Я схватила Реквиема за ворот рубашки.
— Ладно, времени нет. Дамиану нужно… нужно согреться.
— Тогда позволь мне поделиться с тобой своим теплом, — шепнул Реквием, склоняясь ко мне.
Как часто стало случаться, у меня не было сейчас времени объяснять или подробно инструктировать. Он просто сообразил, что нужно, и стал действовать.
Губы его коснулись моих, и поцелуй был нежен, без всякий вольностей — язык его скромно оставался у него во рту. Конечно, ardeur от такой скромности не пробудился.
Он отодвинулся, посмотрел мне в лицо.
— Ты все ещё холодна во всех смыслах.
Я кивнула. На другом конце метафизической связи Дамиан молил о помощи. Он умирал — не так, как умирает человек, но как на глазах умирает пламя от недостатка кислорода. Будто какую-то невидимую искру задувало в нем. Этой искрой был он, и я не знала, как ему помочь.
И я посмотрела на стоящего передо мной мужчину. Он был достаточно красив, но ardeur не давал жара, и этот мужчина оставался для меня чужим, а к чужим я не вожделею. Меня нужно соблазнять не цветом глаз, не безупречностью лица, но улыбкой, которая становится мне дорога, разговором таким родным, чтобы он стал для меня музыкой. Хорошее знакомство не рождает во мне пренебрежения, а создаёт ощущение безопасности, а без него во мне не просыпается желание — по крайней мере, на уровне сознания, а именно этот уровень был мне сейчас нужен. Я наконец нашла замок для своего подсознания, и он означал, что мне следует пробудить ardeur намеренно — не просто убраться у него с дороги или перестать ему сопротивляться, но выманить его к жизни. Опять-таки, я не представляла себе, что значит — контролировать силу до такой степени. Кажется, я всю жизнь прожила, не понимая, какую я в себе устраиваю неразбериху, а понимала это всегда слишком поздно.

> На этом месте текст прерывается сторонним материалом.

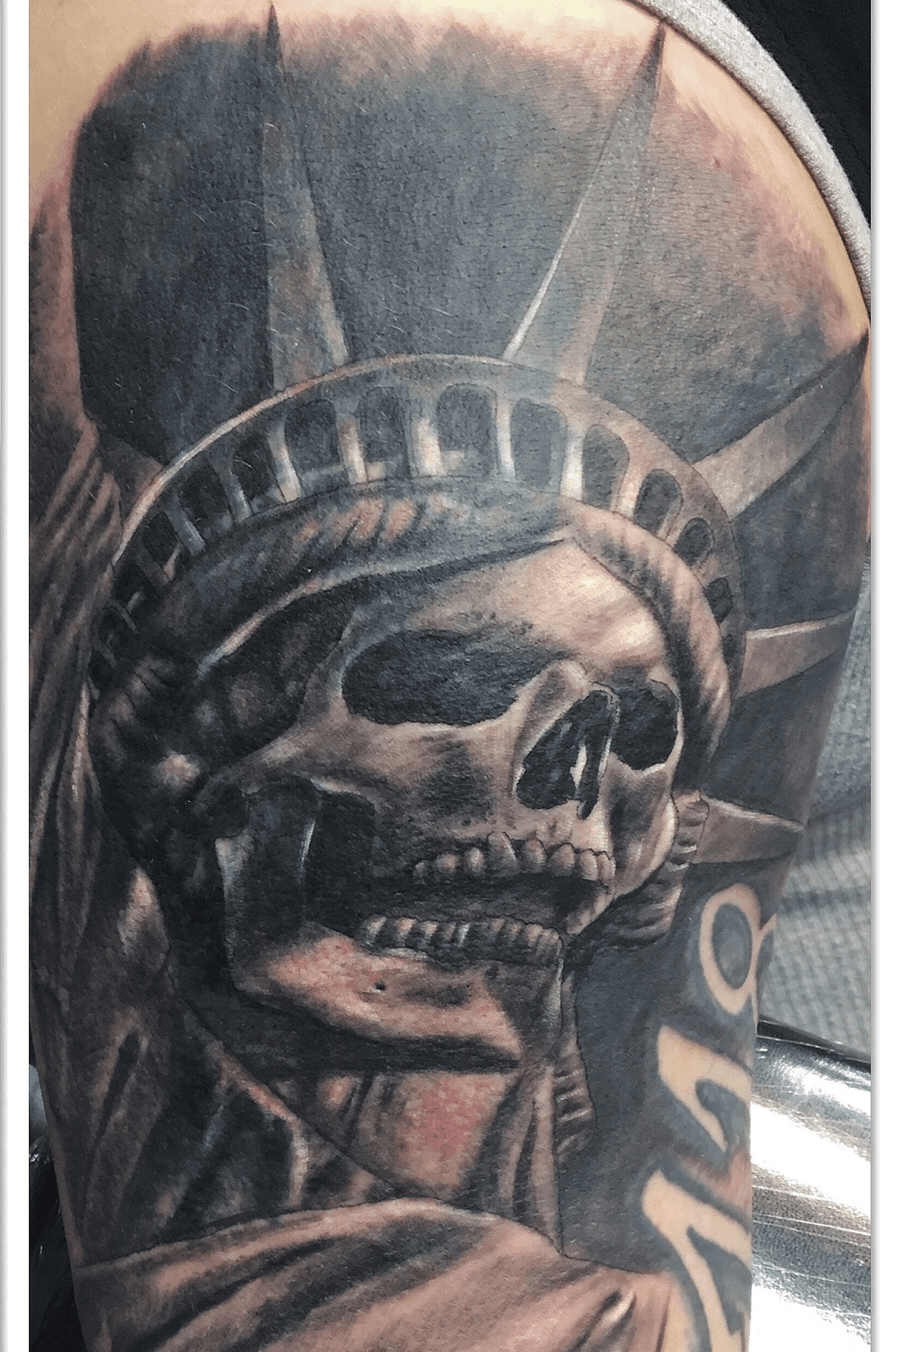 Tattoo uploaded by Will Hicks  Statue of liberty skull tattoo  Tattoodo

Я схватила Реквиема за локти, впилась ногтями.
— Дамиан умирает, а я не знаю, как его спасти.
— Просто вызови ardeur и утоляй его.
— Я не знаю, как его вызвать, когда он сам не рвётся наружу. Вот черт!
— Ты хочешь сказать, что не знаешь, как вызвать в себе вожделение ко мне?
— Ничего личного, я просто тебя не знаю.
— Ничего нет постыдного в том, что ты не предаёшься случайным желаниям.
— Дамиан умирает, — шепнула я, потому что чувствовала это. Я чувствовала, как он от меня уходит. Он пытался не утащить меня с собой в могилу, и потому закрывался изо всех сил.
— Я могу возбудить в тебе желание, Анита. Это не ardeur, это один из моих талантов.
Будь у меня время, я бы спросила, в чем тут разница, но времени не было.
— Давай, помоги мне. Не дай мне убить Дамиана вот так.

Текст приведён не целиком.